Panel moderator Jason Scott, managing director at the Atlanta office of Regions Bank, explained the role that shifting yields on 10-Year Treasury notes have played in the multifamily acquisitions market, which was stymied by widening of bid-ask spreads during the rate hike campaign.
“The acquisitions market has struggled due to the disconnect between buyers and sellers on cap rates and valuations of assets,” he said. “When you had 10-Year coupons being printed at 2.75 percent, you could pay a 3 percent cap rate without a problem. In today’s world, where the 10-Year [yield] is roughly 4.25 [percent], you can’t pay that same cap rate.”
The reasoning behind Scott’s statement lies in the fact that Treasury notes are risk-free, backed by faith in the U.S. government, whereas real estate comprises hard assets that are subject to a variety of investment risks. A cap rate as low as 3 percent most likely indicates a very high sales price, meaning the investor runs the risk of buying at or near the top of the market. There is little logic in taking such risk when the investor could just as easily buy a risk-free Treasury bond and achieve a return above the going-in cap rate.

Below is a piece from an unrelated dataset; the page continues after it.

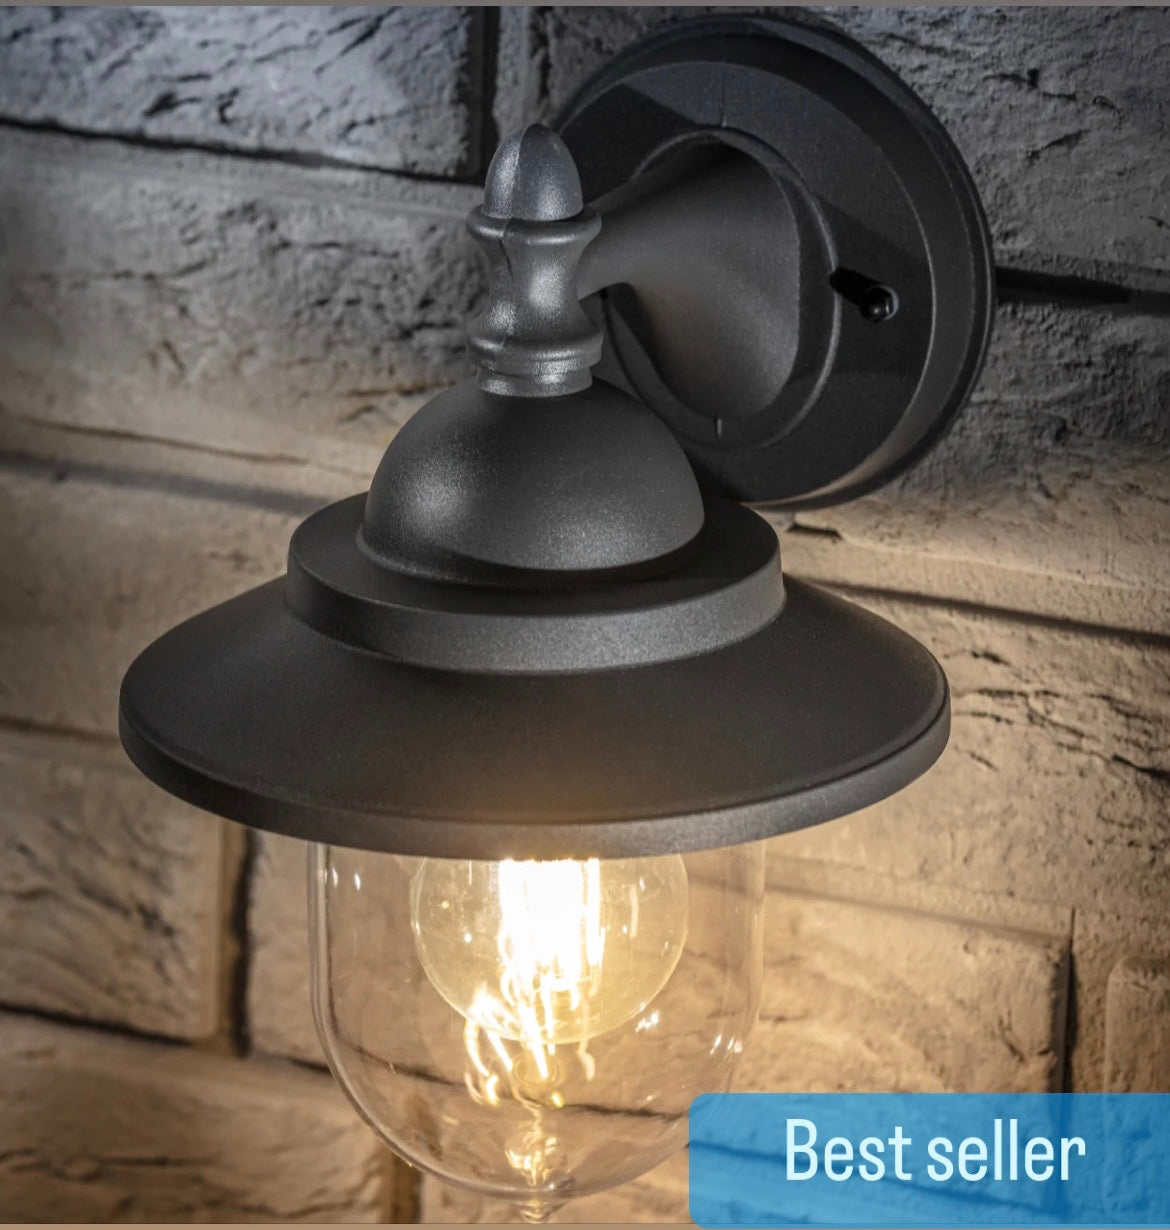 If you’re looking for a grander, more contemporary look for your home’s lighting system, take a browse through our dark grey fisherman lantern wall light. This product boasts a darker colour, making sure that the appearance blends into the sophisticated design of your home. For a simpler way to bring discrete elegance to your home, consider our dark grey RYDER fisherman lantern light. 
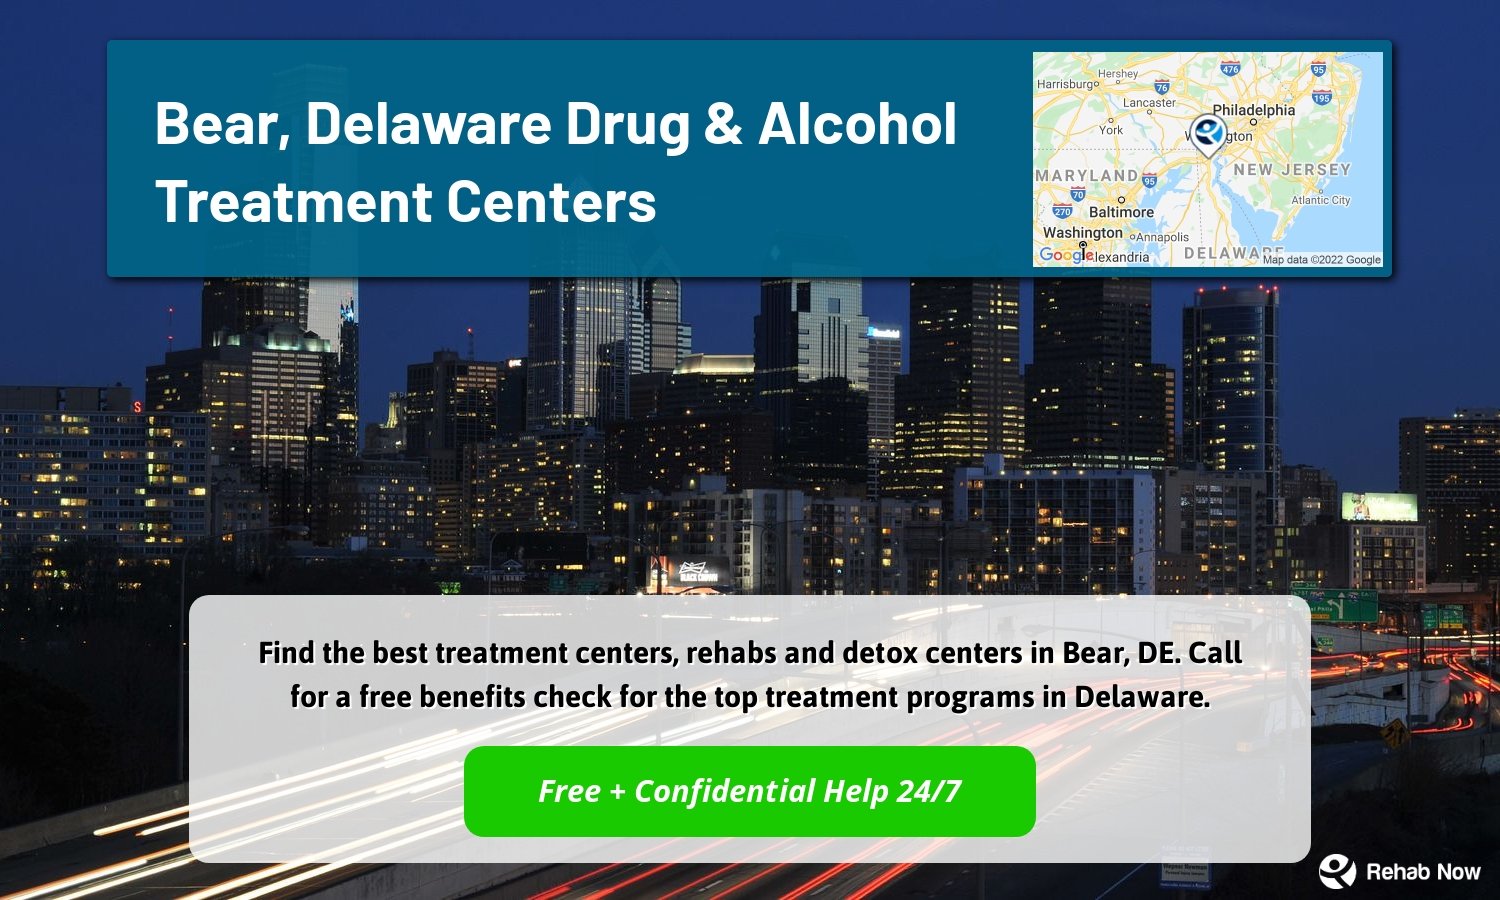 Find the best treatment centers, rehabs and detox centers in Bear, DE. Call for a free benefits check for the top treatment programs in Delaware.

Although the vacillations of the 10-Year Treasury have complicated lenders’ efforts to price certain deals and the Federal Reserve has shown a willingness to deviate from the actions it telegraphs to the market, to some lenders, navigating these variables and uncertainties are simply part of the job. After all, if it was easy, everyone would do it.
“We don’t want easy; we want to be better,” said Hagwood. “Real estate is challenging but it’s fun; there’s never been year where we didn’t need one more deal, to work harder and to rely on experience. We’ve never had more opportunity than we have in 2025 and 2026 because fewer people are willing to do the hard work, so we think that next year will be a damn good year.”